• **ASSIGNMENT**: Please repeat the data in full, character for character.

[Dataset records]
Content starts
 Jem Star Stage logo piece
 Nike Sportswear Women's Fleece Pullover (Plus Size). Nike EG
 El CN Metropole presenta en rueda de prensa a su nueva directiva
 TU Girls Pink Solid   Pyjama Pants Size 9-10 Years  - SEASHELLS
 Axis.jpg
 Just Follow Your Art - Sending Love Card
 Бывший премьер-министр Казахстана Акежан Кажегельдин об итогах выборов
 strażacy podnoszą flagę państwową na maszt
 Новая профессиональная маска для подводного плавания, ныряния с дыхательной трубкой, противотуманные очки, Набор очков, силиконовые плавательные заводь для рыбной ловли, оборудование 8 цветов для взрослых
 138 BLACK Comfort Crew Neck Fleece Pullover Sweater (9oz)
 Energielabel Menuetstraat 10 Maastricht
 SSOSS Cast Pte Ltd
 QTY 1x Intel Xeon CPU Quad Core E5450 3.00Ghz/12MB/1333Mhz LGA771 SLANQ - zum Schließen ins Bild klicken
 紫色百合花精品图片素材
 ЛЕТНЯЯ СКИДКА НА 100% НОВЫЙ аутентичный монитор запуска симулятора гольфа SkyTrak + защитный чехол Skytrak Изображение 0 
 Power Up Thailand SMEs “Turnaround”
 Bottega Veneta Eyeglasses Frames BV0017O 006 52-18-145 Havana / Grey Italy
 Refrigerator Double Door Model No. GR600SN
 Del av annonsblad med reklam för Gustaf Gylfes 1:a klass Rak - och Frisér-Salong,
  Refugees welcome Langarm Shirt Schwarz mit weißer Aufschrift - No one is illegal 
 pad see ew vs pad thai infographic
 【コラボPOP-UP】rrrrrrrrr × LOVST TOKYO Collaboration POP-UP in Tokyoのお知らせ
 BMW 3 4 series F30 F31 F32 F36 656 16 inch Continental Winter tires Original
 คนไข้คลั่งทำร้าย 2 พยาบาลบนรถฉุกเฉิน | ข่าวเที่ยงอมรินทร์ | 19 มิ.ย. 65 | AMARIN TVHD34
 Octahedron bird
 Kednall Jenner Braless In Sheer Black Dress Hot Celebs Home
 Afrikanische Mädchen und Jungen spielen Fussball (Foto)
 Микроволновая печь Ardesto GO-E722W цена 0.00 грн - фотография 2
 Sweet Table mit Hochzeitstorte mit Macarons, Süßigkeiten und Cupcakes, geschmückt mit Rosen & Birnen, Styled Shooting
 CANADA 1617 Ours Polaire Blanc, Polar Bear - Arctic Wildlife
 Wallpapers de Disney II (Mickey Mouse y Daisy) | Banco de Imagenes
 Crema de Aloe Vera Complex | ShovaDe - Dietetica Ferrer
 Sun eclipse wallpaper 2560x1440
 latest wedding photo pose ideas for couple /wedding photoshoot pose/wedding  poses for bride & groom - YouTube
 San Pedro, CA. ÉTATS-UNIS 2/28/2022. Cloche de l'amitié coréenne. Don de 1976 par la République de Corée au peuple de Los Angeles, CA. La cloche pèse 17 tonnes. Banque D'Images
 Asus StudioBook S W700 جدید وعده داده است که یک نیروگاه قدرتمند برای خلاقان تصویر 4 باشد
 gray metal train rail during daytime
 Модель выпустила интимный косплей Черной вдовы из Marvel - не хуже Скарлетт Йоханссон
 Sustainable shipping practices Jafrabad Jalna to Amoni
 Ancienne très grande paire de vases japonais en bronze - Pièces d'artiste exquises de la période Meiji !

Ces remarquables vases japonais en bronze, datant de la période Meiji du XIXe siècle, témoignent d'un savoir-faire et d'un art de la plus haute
Content ends
• **EXERCISE ANSWER**:
 Jem Star Stage logo piece
 Nike Sportswear Women's Fleece Pullover (Plus Size). Nike EG
 El CN Metropole presenta en rueda de prensa a su nueva directiva
 TU Girls Pink Solid   Pyjama Pants Size 9-10 Years  - SEASHELLS
 Axis.jpg
 Just Follow Your Art - Sending Love Card
 Бывший премьер-министр Казахстана Акежан Кажегельдин об итогах выборов
 strażacy podnoszą flagę państwową na maszt
 Новая профессиональная маска для подводного плавания, ныряния с дыхательной трубкой, противотуманные очки, Набор очков, силиконовые плавательные заводь для рыбной ловли, оборудование 8 цветов для взрослых
 138 BLACK Comfort Crew Neck Fleece Pullover Sweater (9oz)
 Energielabel Menuetstraat 10 Maastricht
 SSOSS Cast Pte Ltd
 QTY 1x Intel Xeon CPU Quad Core E5450 3.00Ghz/12MB/1333Mhz LGA771 SLANQ - zum Schließen ins Bild klicken
 紫色百合花精品图片素材
 ЛЕТНЯЯ СКИДКА НА 100% НОВЫЙ аутентичный монитор запуска симулятора гольфа SkyTrak + защитный чехол Skytrak Изображение 0 
 Power Up Thailand SMEs “Turnaround”
 Bottega Veneta Eyeglasses Frames BV0017O 006 52-18-145 Havana / Grey Italy
 Refrigerator Double Door Model No. GR600SN
 Del av annonsblad med reklam för Gustaf Gylfes 1:a klass Rak - och Frisér-Salong,
  Refugees welcome Langarm Shirt Schwarz mit weißer Aufschrift - No one is illegal 
 pad see ew vs pad thai infographic
 【コラボPOP-UP】rrrrrrrrr × LOVST TOKYO Collaboration POP-UP in Tokyoのお知らせ
 BMW 3 4 series F30 F31 F32 F36 656 16 inch Continental Winter tires Original
 คนไข้คลั่งทำร้าย 2 พยาบาลบนรถฉุกเฉิน | ข่าวเที่ยงอมรินทร์ | 19 มิ.ย. 65 | AMARIN TVHD34
 Octahedron bird
 Kednall Jenner Braless In Sheer Black Dress Hot Celebs Home
 Afrikanische Mädchen und Jungen spielen Fussball (Foto)
 Микроволновая печь Ardesto GO-E722W цена 0.00 грн - фотография 2
 Sweet Table mit Hochzeitstorte mit Macarons, Süßigkeiten und Cupcakes, geschmückt mit Rosen & Birnen, Styled Shooting
 CANADA 1617 Ours Polaire Blanc, Polar Bear - Arctic Wildlife
 Wallpapers de Disney II (Mickey Mouse y Daisy) | Banco de Imagenes
 Crema de Aloe Vera Complex | ShovaDe - Dietetica Ferrer
 Sun eclipse wallpaper 2560x1440
 latest wedding photo pose ideas for couple /wedding photoshoot pose/wedding  poses for bride & groom - YouTube
 San Pedro, CA. ÉTATS-UNIS 2/28/2022. Cloche de l'amitié coréenne. Don de 1976 par la République de Corée au peuple de Los Angeles, CA. La cloche pèse 17 tonnes. Banque D'Images
 Asus StudioBook S W700 جدید وعده داده است که یک نیروگاه قدرتمند برای خلاقان تصویر 4 باشد
 gray metal train rail during daytime
 Модель выпустила интимный косплей Черной вдовы из Marvel - не хуже Скарлетт Йоханссон
 Sustainable shipping practices Jafrabad Jalna to Amoni
 Ancienne très grande paire de vases japonais en bronze - Pièces d'artiste exquises de la période Meiji !

Ces remarquables vases japonais en bronze, datant de la période Meiji du XIXe siècle, témoignent d'un savoir-faire et d'un art de la plus haute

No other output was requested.